La pobreza de la filosofía se hace más patente cuando se tiene en
cuenta la condición corporal del espíritu humano. Un ángel se
conoce a sí mismo no por una idea sino por la intelección inmediata de su esencia y conoce las demás cosas por visión intelectual directa, de manera que no le queda espacio para el sofisma del subjetivismo. Pero el hombre debe edificar la ciencia con los materiales que le ofrecen los sentidos, y esta construcción depende ciertamente, y mucho, del sujeto cognoscente: debe hallar la esencia de las cosas integrando con paciencia sus definiciones por medio de distinciones que no siempre son tales en la realidad; tiene que componer proposiciones para declararse en la verdad; debe construir un andamiaje de razonamientos para seguir las estructuras causales de las cosas. La gran dificultad que presenta la vía a la ciencia para el hombre es, justamente, el discernimiento exacto de lo que pertenece a la cosa conocida y lo que viene de nuestro modo de conocer. La grandeza de un filósofo puede medirse por la perfección con que distingue lo que pertenece a la lógica de lo que pertenece a la metafísica; y este patrón de medida obliga a afirmar que la única filosofía con que cuentan los hombres es la de Aristóteles y Santo Tomás. Todos los demás o renguean del pie derecho, complicando la realidad con las distinciones de razón – tendencia idealista –; o renguean del pie izquierdo, pretendiendo simplificar la ciencia en razón de la unidad de la realidad concreta – tendencia nominalista –; y todas estas rengueras terminan en porrazo cuando se largan a correr. El hecho es que el acceso a la ciencia exige el uso de sutiles instrumentos lógicos, que sólo pueden aprenderse si uno se pone con humildad y paciencia en la escuela de los únicos dos grandes que mencionamos. De allí que se haga fácil hacer caer al hombre en el pecado del escepticismo.

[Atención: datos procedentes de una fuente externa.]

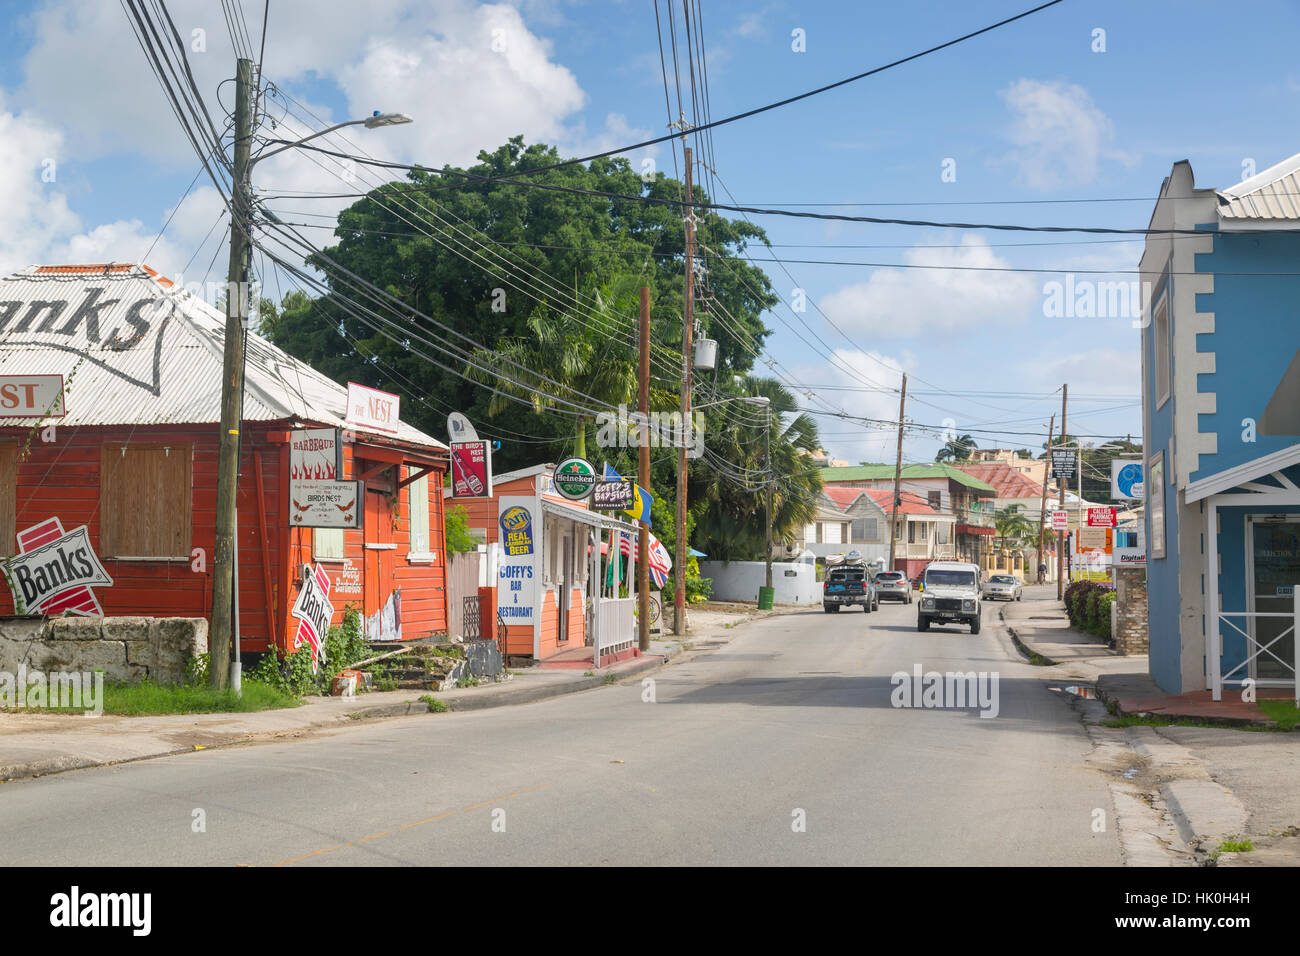 La rue Bay, Bridgetown, St Michael, à la Barbade, Antilles, Caraïbes, Amérique Centrale Banque D'Images

El primer principio doctrinal, entonces, que lleva a la liberación
del pensamiento de la esclavitud de la verdad, no es difícil de defender. Afirma que todo conocimiento depende del sujeto cognoscente, y hasta ahí es cierto, pues “todo lo que se recibe, se lo recibe al modo del recipiente”1; pero agrega maliciosamente que es imposible discernir lo que pertenece a la cosa de lo que viene del sujeto. Y tiene a su favor que es muy difícil hacerlo con toda precisión; aunque tiene en su contra que es un trabajo llevado a cabo con perfección por lo mejor de las Escuelas católicas. Por eso fue excusable que hubiera una cierta tentación de escepticismo cuando el obispo de París, Esteban Tempier, apenas fallecido Santo Tomás, condenara indebidamente unas tesis tomistas, poniendo en duda la posibilidad de incorporar el aristotelismo a la teología; pero después de la impresionante serie de aprobaciones pontificias de la autoridad doctrinal del Doctor Angélico, desde su temprana canonización en 1323 hasta la Humani generis de Pío XII2, le está prohibido a un pensador católico poner en duda la validez de sus procedimientos. De hecho, el espíritu que surge con el nominalismo de Ockham, con ocasión del fatal error de la condena parisina, no era el de un simple desaliento teológico, sino que apareció ya el espíritu de la revolución moderna.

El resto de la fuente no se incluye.